Talking About the Teacher Pipeline and Staff Retention

This week I went for an interview at the Guilford County Schools central office to give feedback on what’s needed to recruit and retain teachers and staff. I touched on a lot of things but top among them were:
1) Principals need to be quality instructional leads that create a climate that inspires teachers to do this job that often feels impossibly hard. Teachers move mountains for principals that support them professionally and emotionally.
2) We need to create ways for teachers and staff to be honest about what a hard job this is and help them feel brave and empowered to be a real part of how we are going to improve. Specifically, be honest about the real challenges created by lack of state funding, the stresses of testing, and the race, gender, and economic disparities that exist outside of school buildings. Be honest about these things and then create avenues for teachers and staff to be a part of the solutions going forward.
3) Set new teachers up for success by creating functional Early Career Educator programs and placing them in scaffolded teaching environments partnered with experienced mentor teachers and principals that are quality instructional leads.
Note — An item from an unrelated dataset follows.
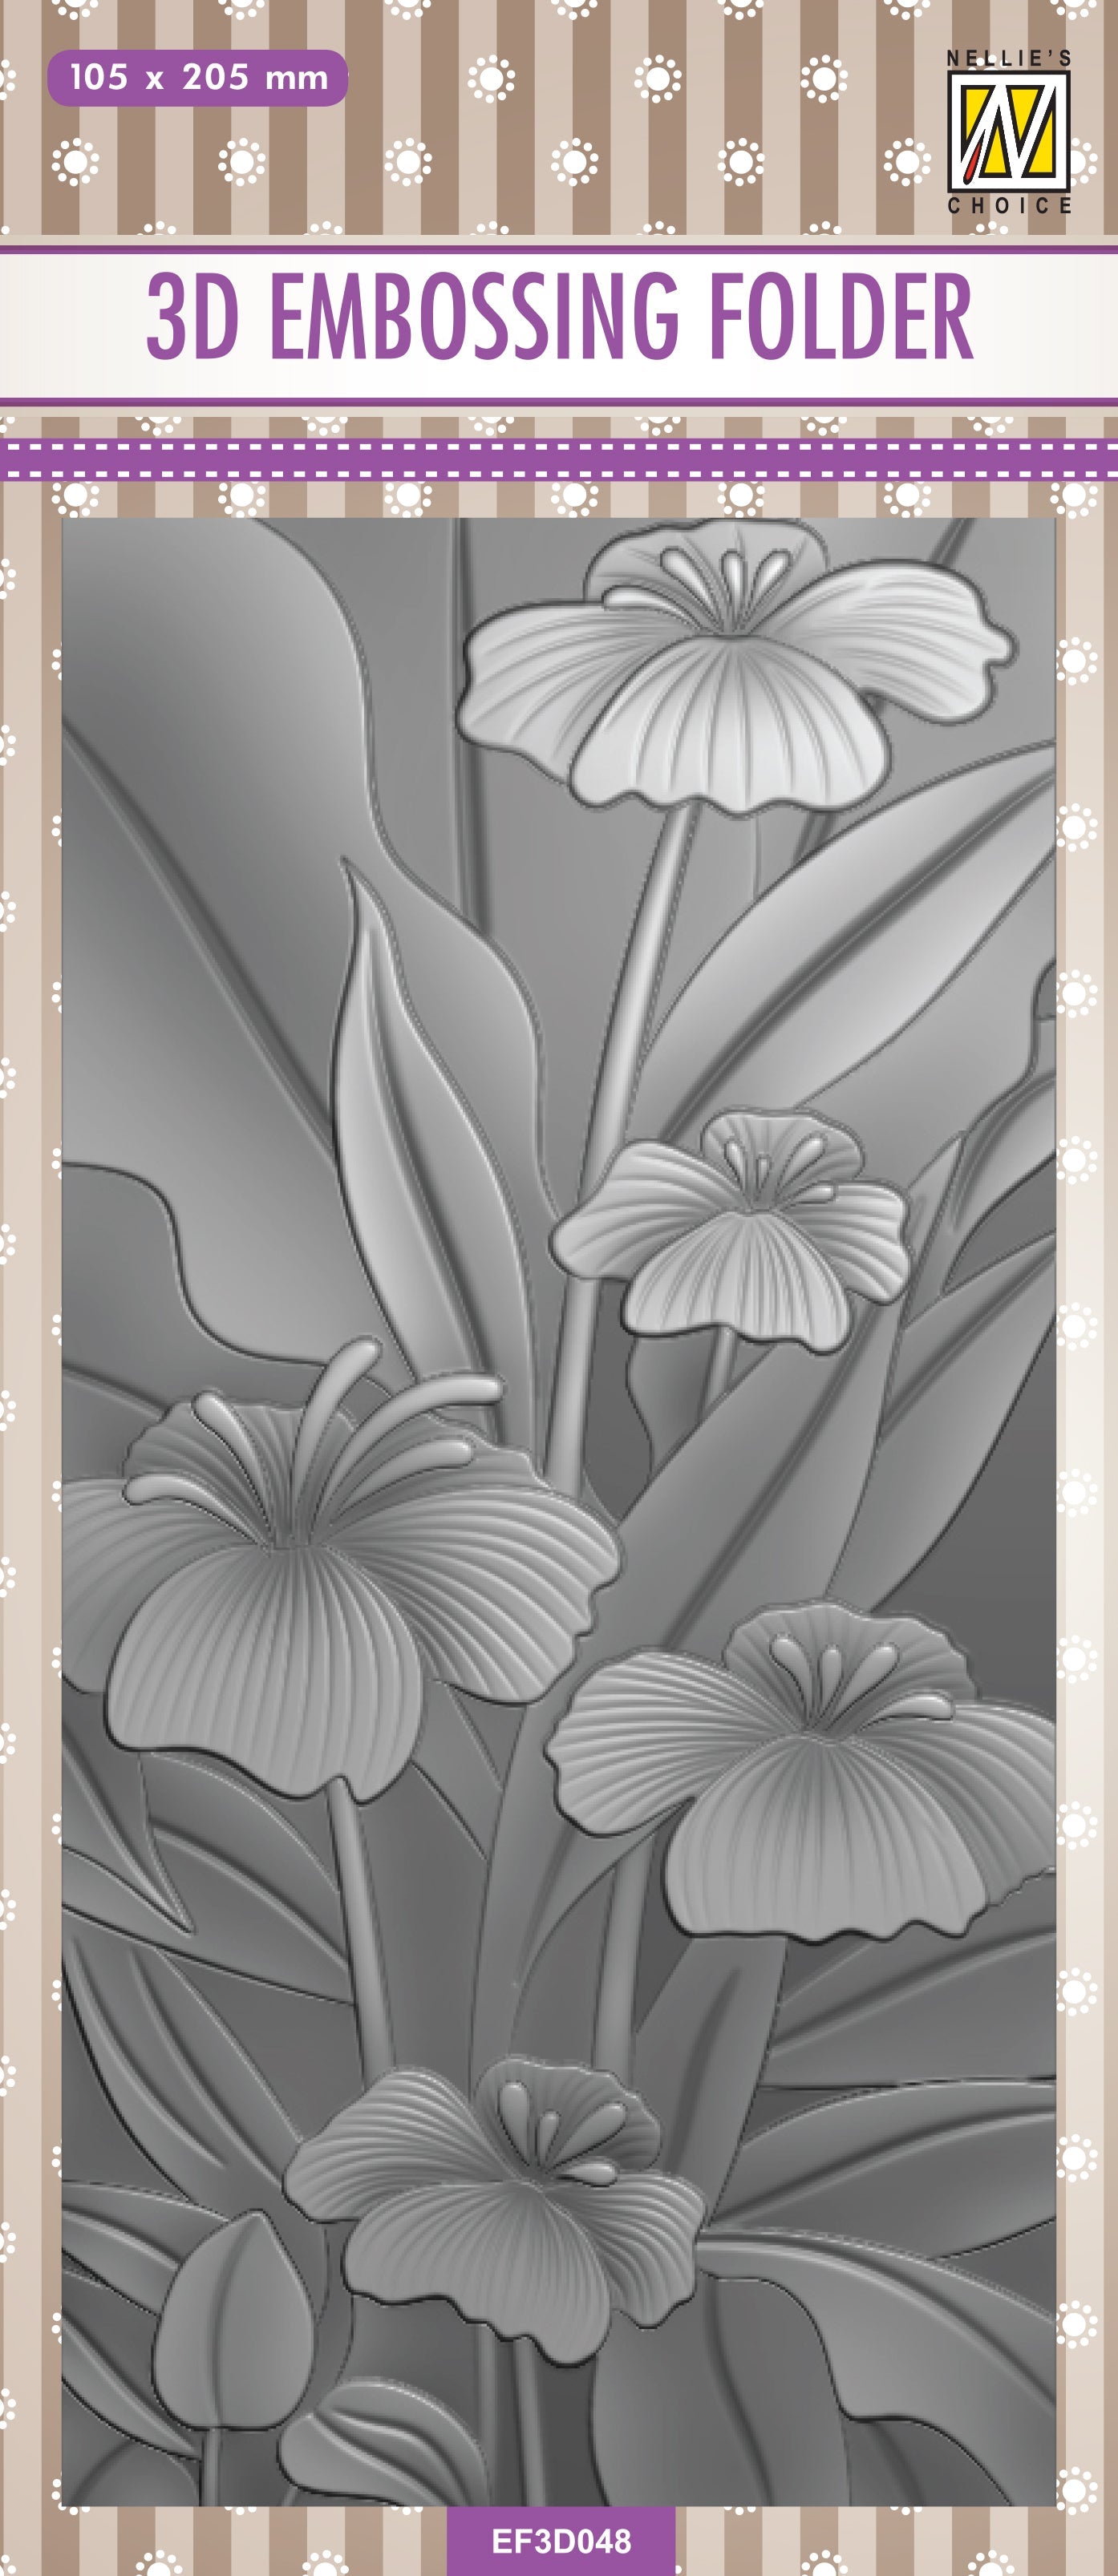 Nellie's Choice 3D Embossing Folder Slimline - Lilies
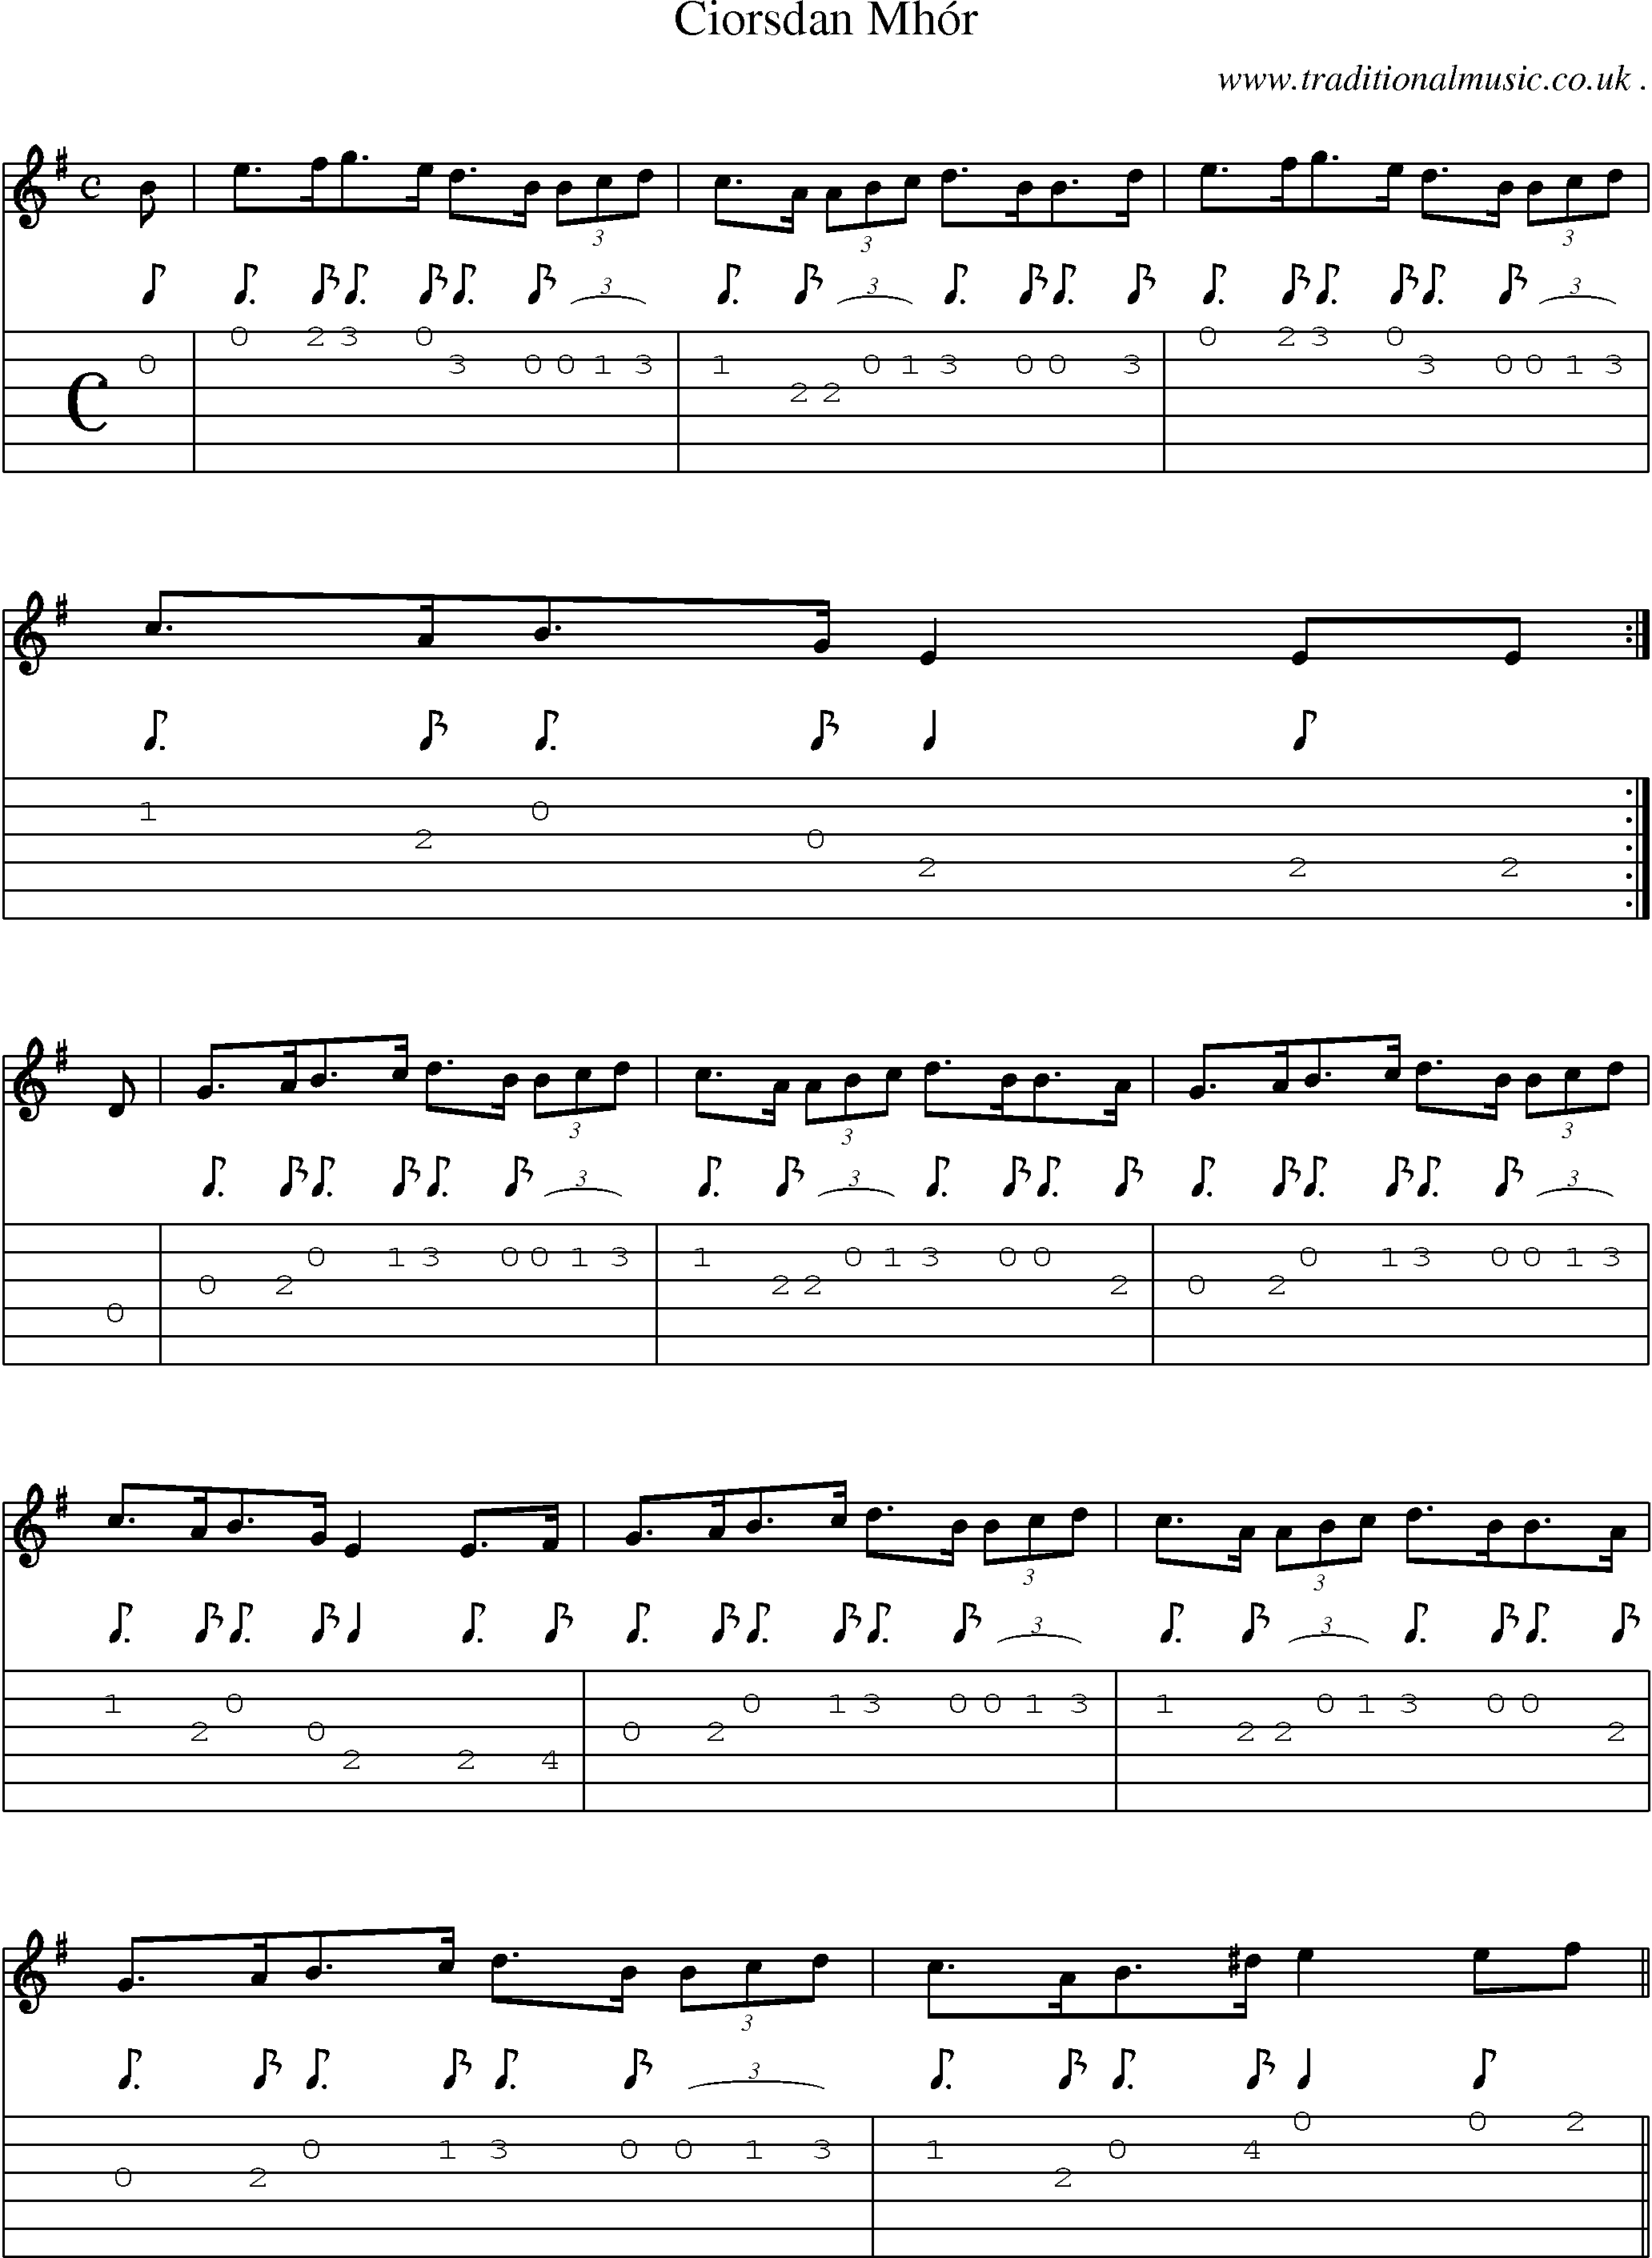 Sheet-music  score, Chords and Guitar Tabs for Ciorsdan Mhor

Stop putting them in ridiculously hard teaching environments with no support and wondering why they leave.
4) Pay is often not the reason people leave, but it does play a role in being able to attract folks, especially when surrounding states offer way more to beginning teachers. Work with NCAE and local governments, align legislative agendas, and create space for the organizing and mobilizing needed to win the schools our students deserve.
5) School leadership teams need to be spaces where representatives can give honest feedback without fear of retaliation and where real decisions are made. Democracy is a skill, we need to train people and school leaders to be able to engage in meaningful decision making.
6) The district could grant due process rights to new teachers as a benefit of working for Guilford County. We saved due process for teachers that already had it but new teachers no longer receive it from the state. This is an important right the district could restore at no cost to themselves that would help distinguish us from other counties. To my knowledge, Wake, Durham, Alamance, and Buncombe have enacted similar local policies.
What would you add?
For more information on teacher pipeline issues in NC, check out this great resource over at Public Schools First NC!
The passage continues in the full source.